My people are still here and still keeping up the life and the fight and the soul albeit some through blinders so they don’t hurt themselves or anyone else, while they’re being treated as serfs who slowly die of cancer. Watch the TV show Treme on HBO to get the most real show about New Orleans and the Katrina aftermath too. To be clear, Katrina didn’t flood New Orleans, it was the Corpse (sic) of Engineers and every other fat cat who sucked the blood out of what could have been.
But Jazz Fest was so great it was if if people decided to suspend think about the spill until after this festival that is such a shining light of goodness and soul.
Note: This Huffington Post article lists ways you can get involved and help.










Jimmy D is a great guy and a talented artist and this oil leak is nothing short of a catastrophe. His report comes from the gut. He makes emotional unsubstantiated accusations and predictions but offers no solutions. That’s his homeland being destroyed, yet again. Anyone in his position would likely respond the same.

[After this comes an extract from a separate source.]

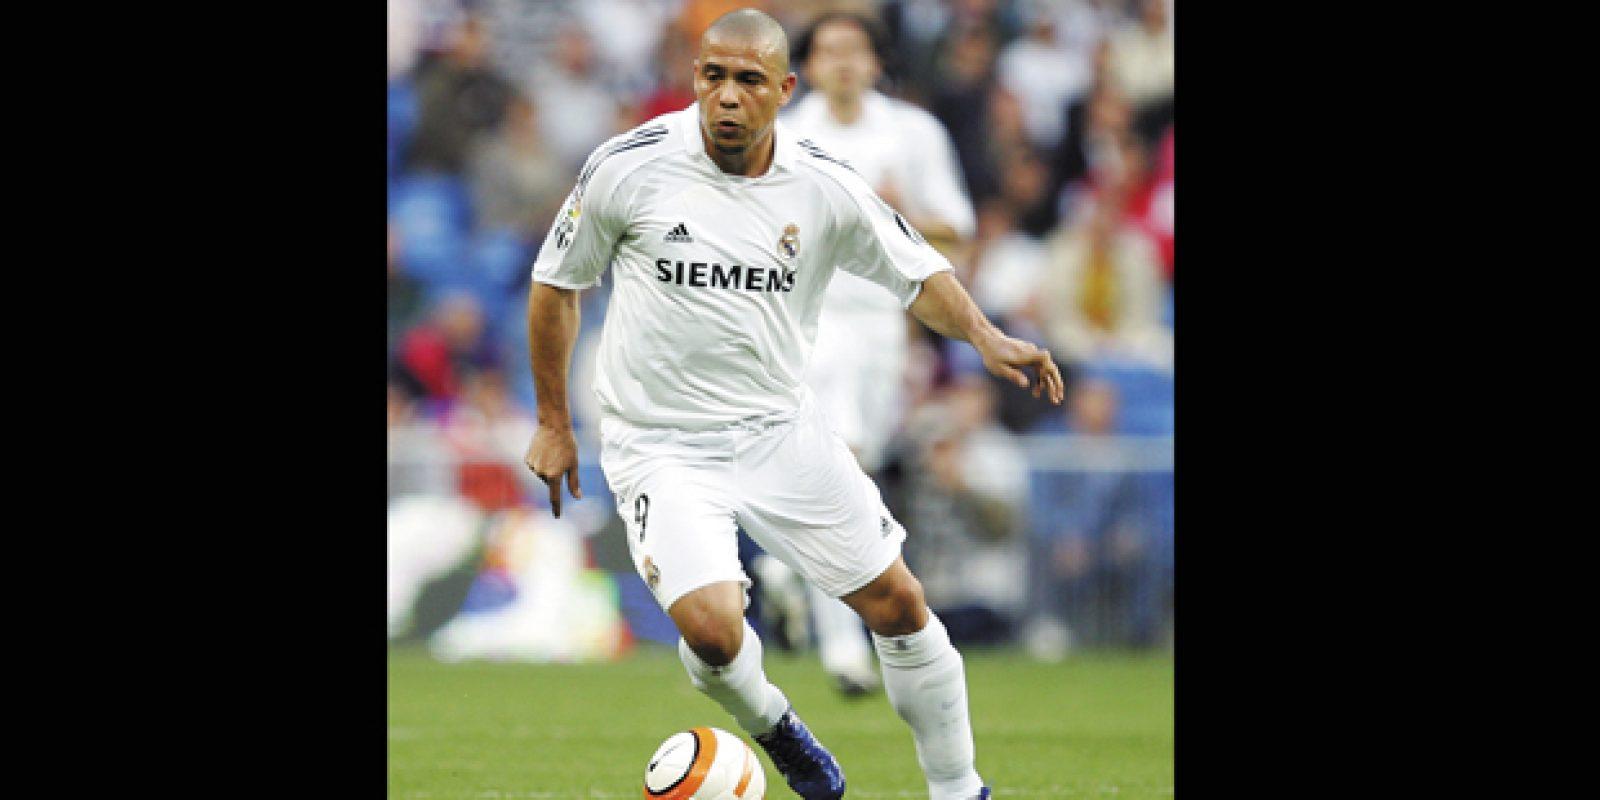 Fenômeno em dois momentos. Foi no Barcelona que Ronaldo – à época, Ronaldinho –, se tornou o Fenômeno e ganhou o status de melhor jogador do mundo, entre 1996 e 1997. Após uma temporada na Catalunha, o atacante acertou com a Inter de Milão. Em 2002, voltou à Espanha para atuar no Real Madrid, onde voltou a ser considerado o melhor jogador do planeta. O camisa 9 deixou Madri em 2007 | Denis Doyle/Getty Images

Renewable fuel is decades away from being up to the task so, unfortunately, we need domestic oil and the Gulf has oodles of it.
One solution may be natural gas. We have enough to fuel the nation for 100 years and we could have all commercial vehicles running on natural gas in 3 to 5 years. For some reason, harvesting that resource is not a priority to this government. Perhaps big oil interests are hindering that move but who knows for sure.
Until the situation changes, we have no other choice but to harvest oil.